Медленно, осторожно (но, кажется, не из-за мин) шел он по разрушенному собору, оглядывая стены, обходя кучи битого кирпича, и наконец прошел туда, где прежде был алтарь. Перед алтарем снял автомат и вещмешок, аккуратно пристроил, где почище, и шагнул внутрь. Там он неловко опустился на колени – сильное, привычное к войне тело отвыкло от этой позы – и прикоснулся кончиками пальцев к престолу, засыпанному кирпичной крошкой, и замер, словно бы и не чувствуя острых камешков на полу. А потом внезапно выпрямился, развернулся, растворил несуществующие Царские врата и выдохнул одними губами, без звука: «Благословенно Царство Отца, и Сына, и Святого Духа…» – но не стал продолжать. Так и стоял молча, торжественно и немного нелепо в этом пустом и полутемном пространстве бывшего храма. Его глаза были закрыты, но видел он не храм в его былом величии, как хотелось – а бой, оконченный четыре дня назад; точнее, то, что настало после. Когда уже рассеялся дым над водой, и не разглядеть было на горизонте последних немецких транспортов, а здесь, на берегу, не шевелился ни один мышиный мундир, он, оглушенный боем, подошел к берегу, выбирая, куда ставить ногу среди металла и мяса. И припал к прибою, черпал и черпал эту прохладную голубую воду, и лил ее на лицо, на гимнастерку, остужая горячее тело. И только потом, оглядев бойцов, скомандовал: «Рота, строиться!»
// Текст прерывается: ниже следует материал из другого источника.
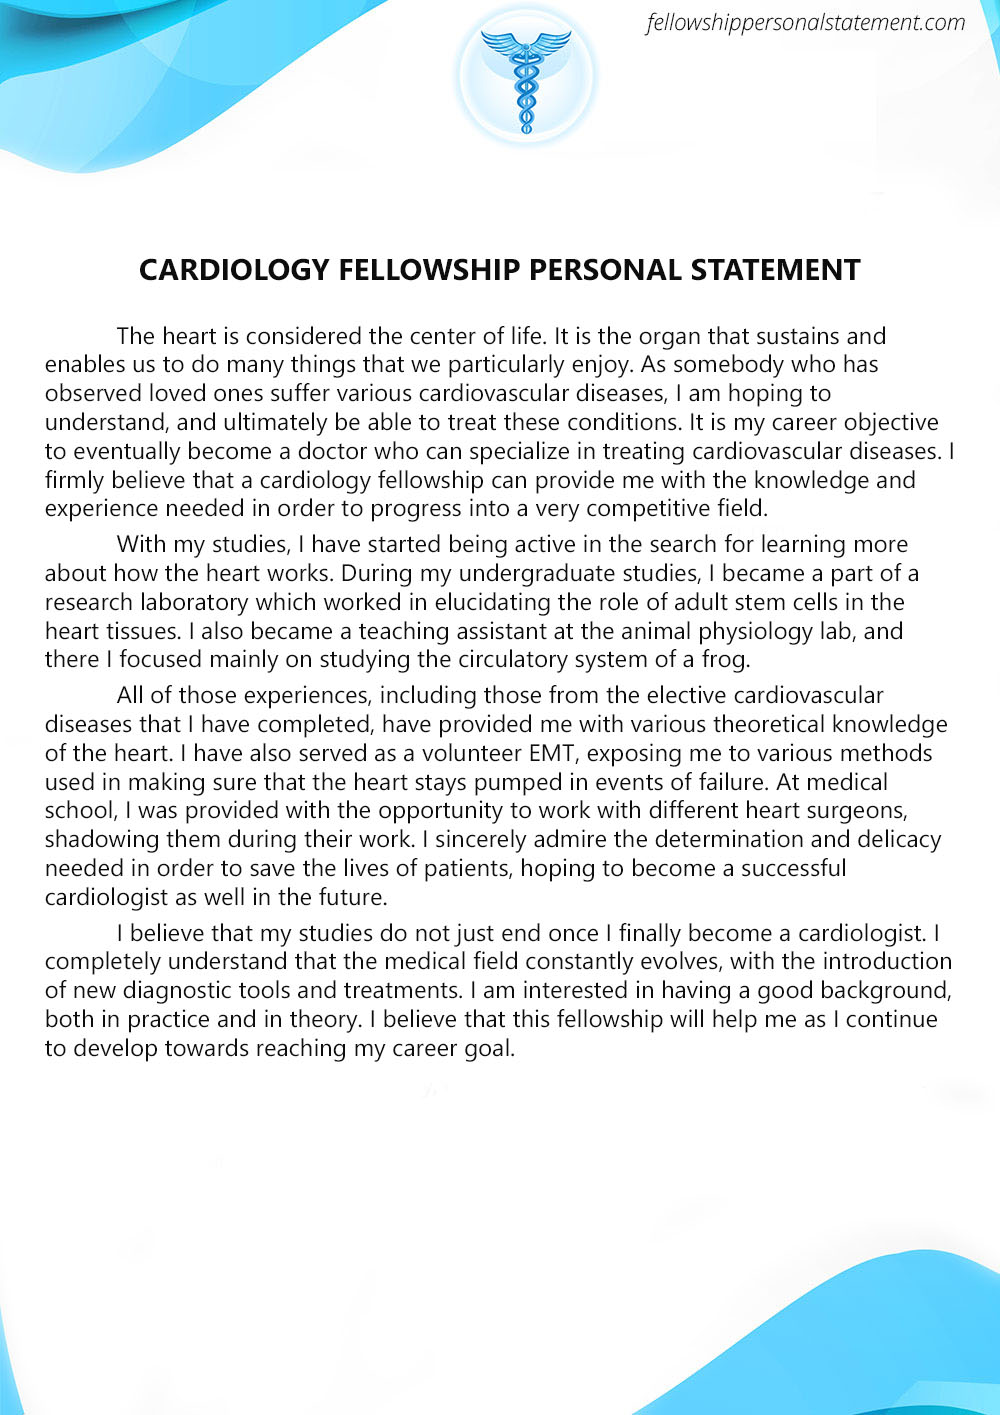 Cardiology fellowship personal statement
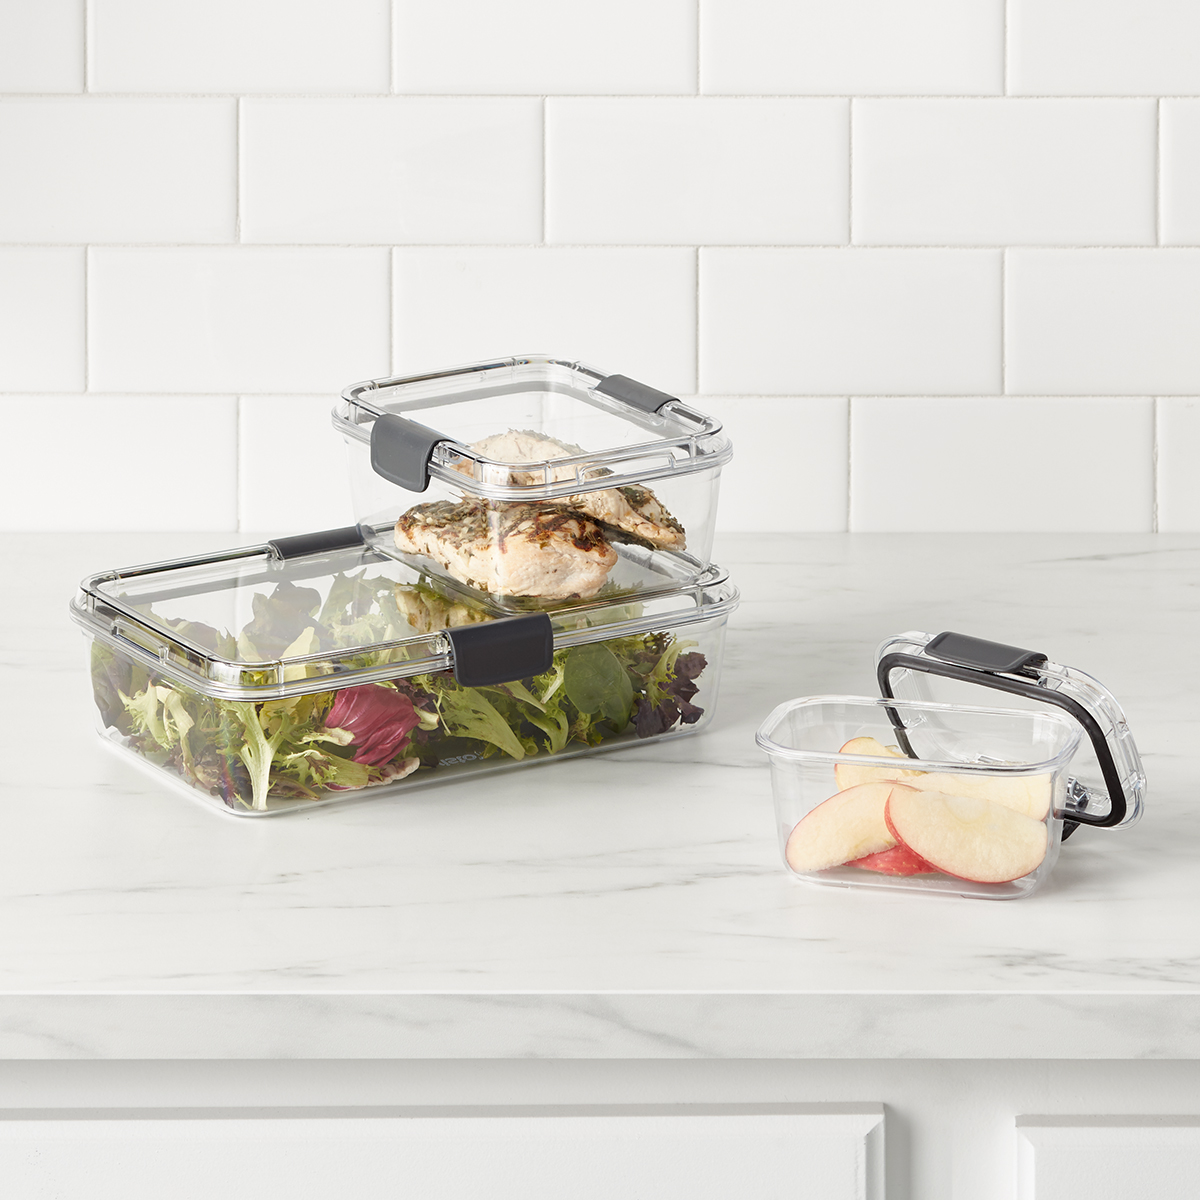 https://www.containerstore.com/catalogimages/416470/10083908g-ClearlyFresh-containers.jpg

Последнего младшего лейтенанта ранило еще утром, и командовал теперь он. Да и оставалось в том строю – пятнадцать человек, здоровых и легкораненых. Он всё стоял, и стоял, и надеялся, что возникнет в его сознании та служба, которая должна была бы здесь быть – и видел, ротный старшина, только строй своих бойцов, их пыльные, злые и веселые лица. И среди них уже было не различить тех, кто встал сегодня в строй, от тех, кто лежал теперь по госпиталям, и от тех, кто остался на Кубани, на причалах Керчи, на склонах Сапун-горы… Они смотрели на него и чего-то ждали: «ну что ж ты, старшой?» – а он не знал, что им ответить. Прошло немало времени, и он очнулся, открыл глаза, шагнул вперед – и вдруг заметил, что он был в соборе не один.

Она сама не знала, что привело ее сегодня к собору. Как же это замечательно – просто идти по улице не пригибаясь, не ожидая в любую секунду резкого лающего оклика, не высматривая впереди куда, в какую щель можно забиться при первом же вое бомбежки или обстрела. Несмелые, но уже звонкие детские голоса между руинами, сгорбленные копошащиеся фигурки, выискивающие среди развалин обломки прежней, милой и наивной жизни, яркие маки, неведомо как уцелевшие в оплавленном боями городе – грудь теснило от давно забытого и потерявшего название чувства... Она просто шла туда, куда ноги сами несли ее, шла, и наслаждалась тишиной, солнцем и пряным запахом моря и степи.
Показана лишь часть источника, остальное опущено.